NATIONWIDE VARIABLE INSURANCE TRUST
NVIT American Funds Growth Fund
NVIT American Funds Global Growth Fund
NVIT American Funds Growth-Income Fund
NVIT American Funds Asset Allocation Fund
NVIT American Funds Bond Fund
Supplement dated September 22, 2025
to the Prospectus dated April 30, 2025
Capitalized terms and certain other terms used in this supplement, unless otherwise defined in this supplement, have the meanings assigned to them in the Prospectus.
NVIT American Funds Bond Fund
Effective immediately, the Prospectus is amended as follows:
 
1.
“Future delivery contracts risk” under the heading “Principal Risks” on page 23 of the Prospectus is deleted in its entirety and replaced with the following:
Future delivery contracts risk – The Fund may enter into transactions involving future delivery contracts, such as to‑be‑announced (TBA) contracts and mortgage dollar rolls. These contracts involve the purchase or sale of mortgage-backed securities for settlement at a future date and predetermined price. When the Fund enters into a TBA commitment for the sale of mortgage-backed securities (which may be referred to as having a short position in such TBA securities), the Fund may or may not hold the types of mortgage-backed securities required to be delivered. The Fund may choose to roll these transactions in lieu of settling them.
When the Fund rolls the purchase of these types of future delivery transactions, the Fund simultaneously sells the mortgage-backed securities for delivery in the current month and repurchases substantially similar securities for delivery at a future date at a predetermined price. When the Fund rolls the sale of these transactions rather than settling them, the Fund simultaneously purchases the mortgage-backed securities for delivery in the current month and sells substantially similar securities for delivery at a future date at a predetermined price. Such roll transactions can increase the turnover rate of the Fund and may increase the risk that market prices may move unfavorably between the original and new contracts, potentially resulting in losses or reduced returns for the Fund.
 
2.
“Future delivery contracts risk” under the heading “Risks of Investing in the Funds” on page 40 of the Prospectus is deleted in its entirety and replaced with the following:
Future delivery contracts risk – The Fund may enter into transactions involving future delivery contracts, such as to‑be‑announced (TBA) contracts and mortgage dollar rolls. These contracts involve the purchase or sale of mortgage-backed securities for settlement at a future date and predetermined price. When the Fund enters into a TBA commitment for the sale of mortgage-backed securities (which may be referred to as having a short position in such TBA securities), the Fund may or may not hold the types of mortgage-backed securities required to be delivered. The Fund may choose to roll these transactions in lieu of settling them.

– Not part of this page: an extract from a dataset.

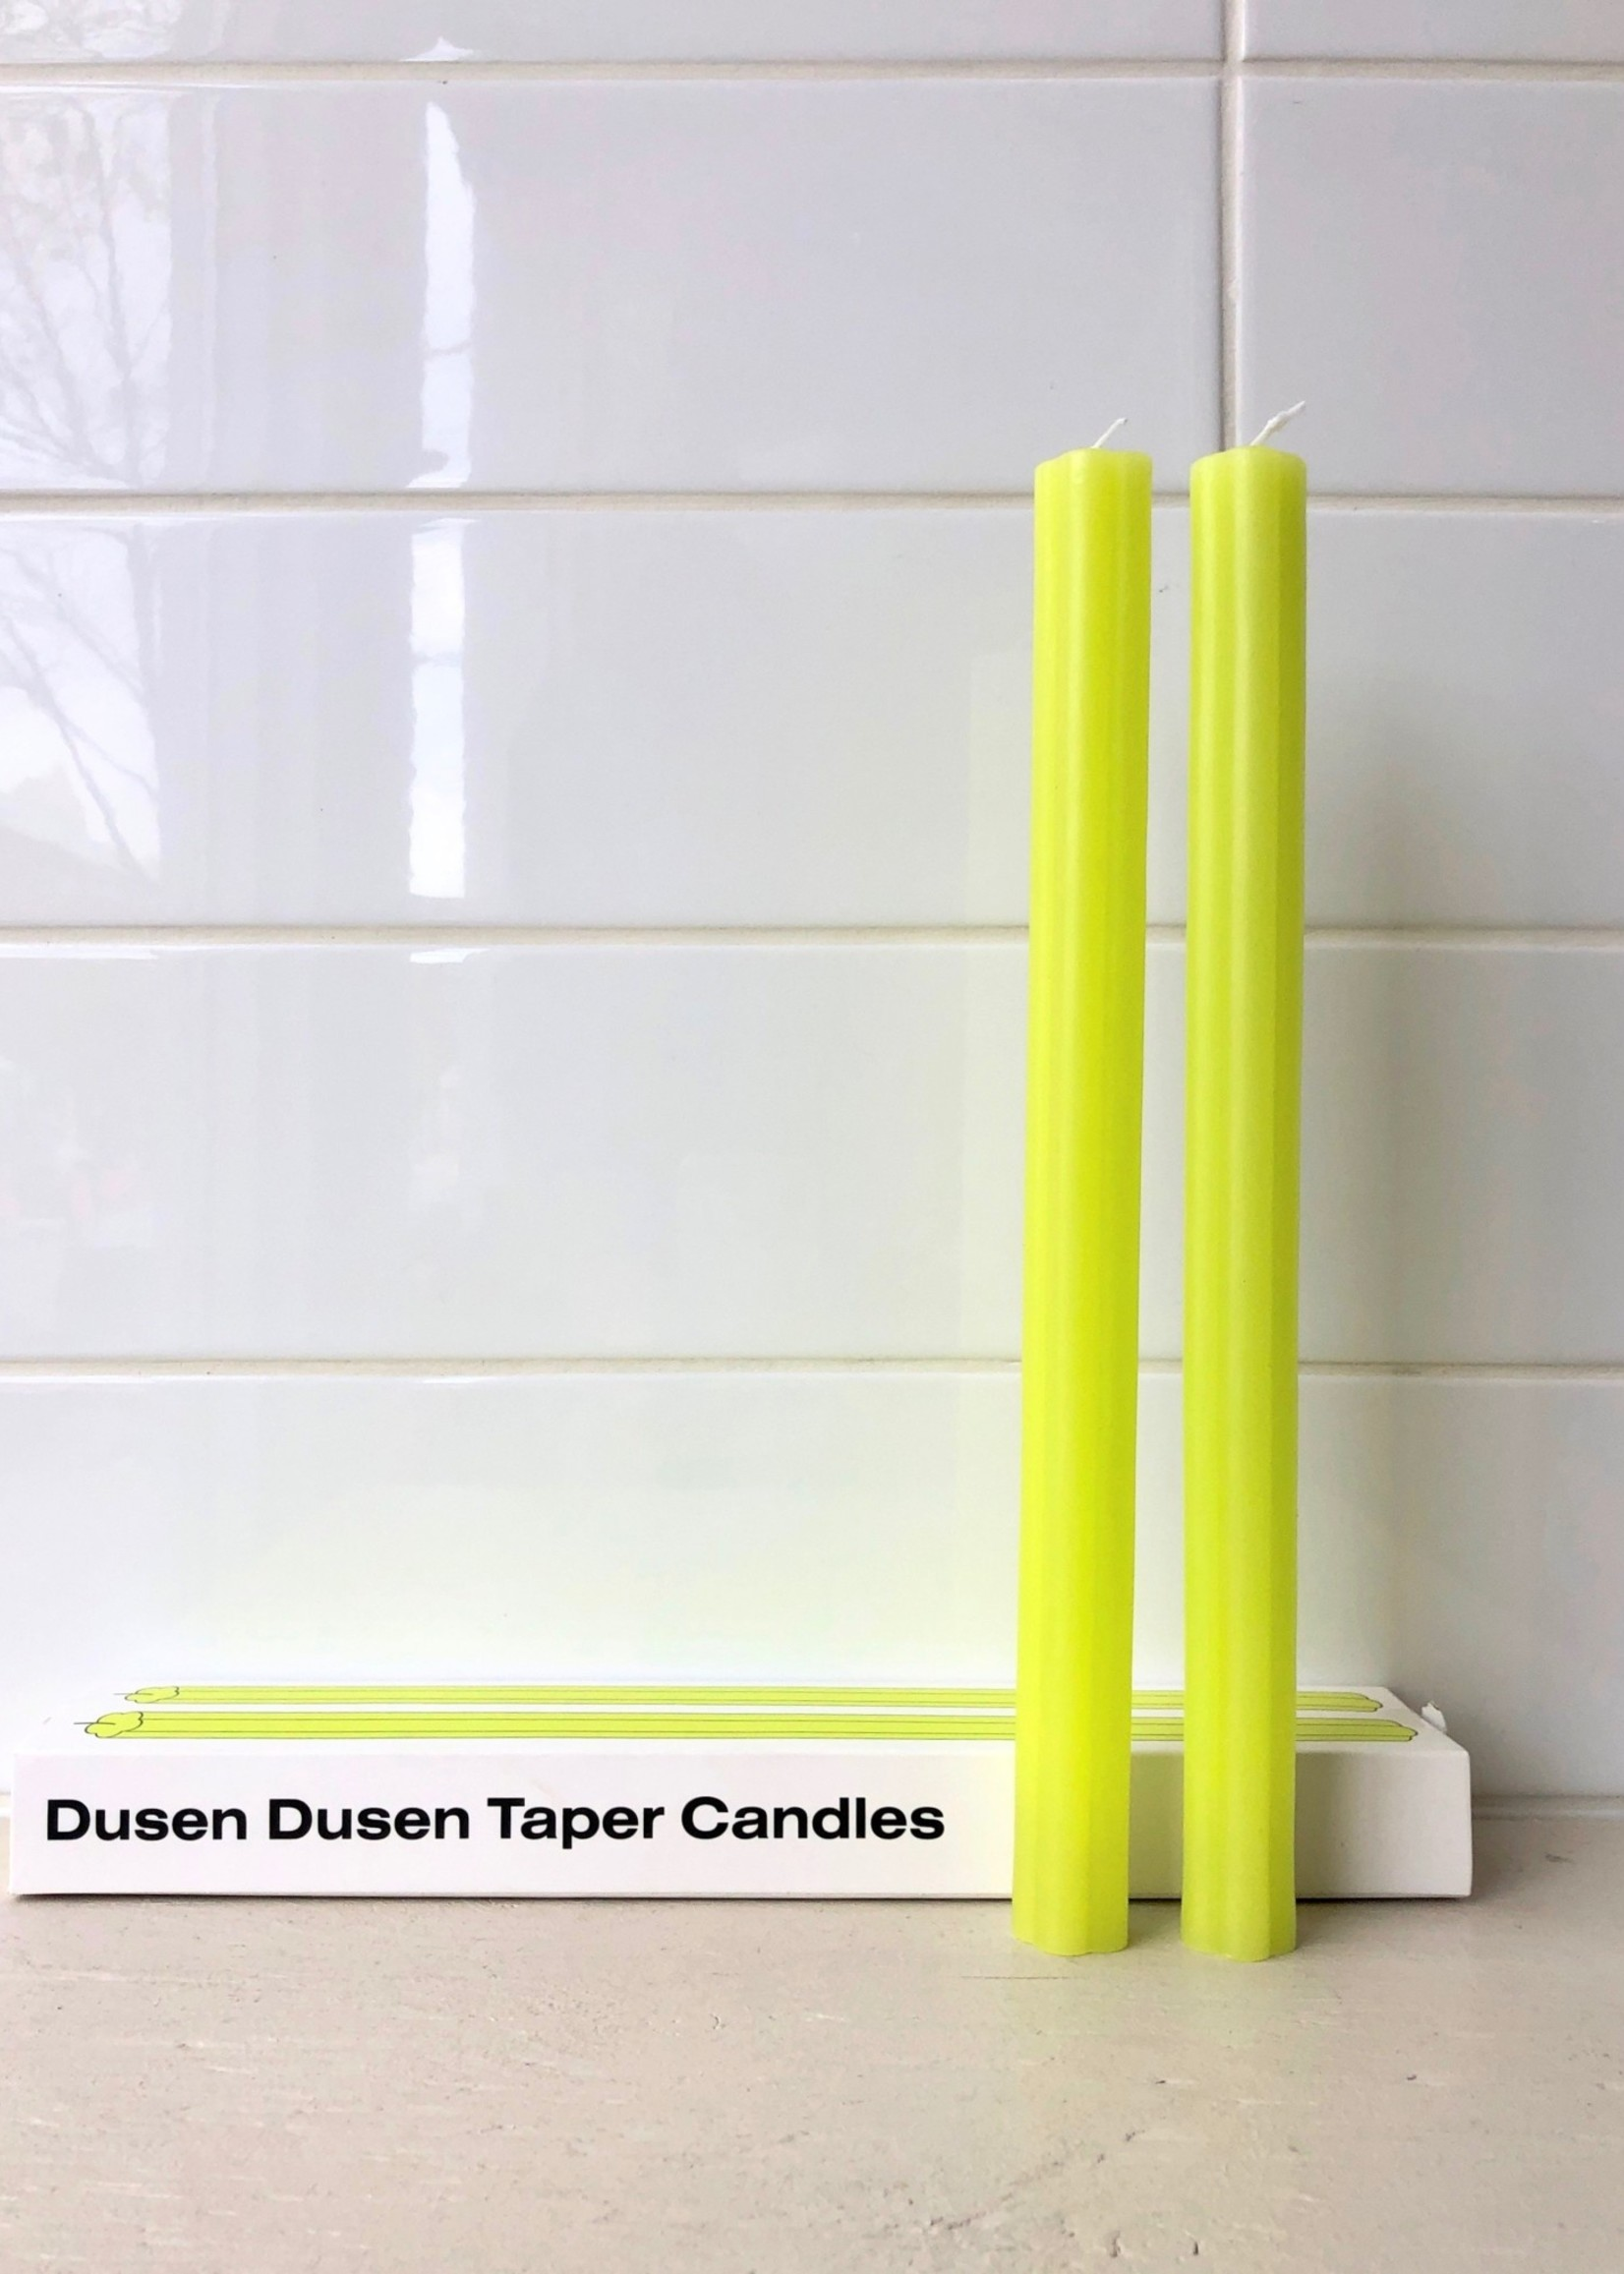 Areaware Dusen Dusen pair of candles

When the Fund rolls the purchase of these types of future delivery transactions, the Fund simultaneously sells the mortgage-backed securities for delivery in the current month and repurchases substantially similar securities for delivery at a future date at a predetermined price. When the Fund rolls the sale of these transactions rather than settling them, the Fund simultaneously purchases the mortgage-backed securities for delivery in the current month and sells substantially similar securities for delivery at a future date at a predetermined price. Such roll transactions can increase the turnover rate of the Fund and may increase the risk that market prices may move unfavorably between the original and new contracts, potentially resulting in losses or reduced returns for the Fund.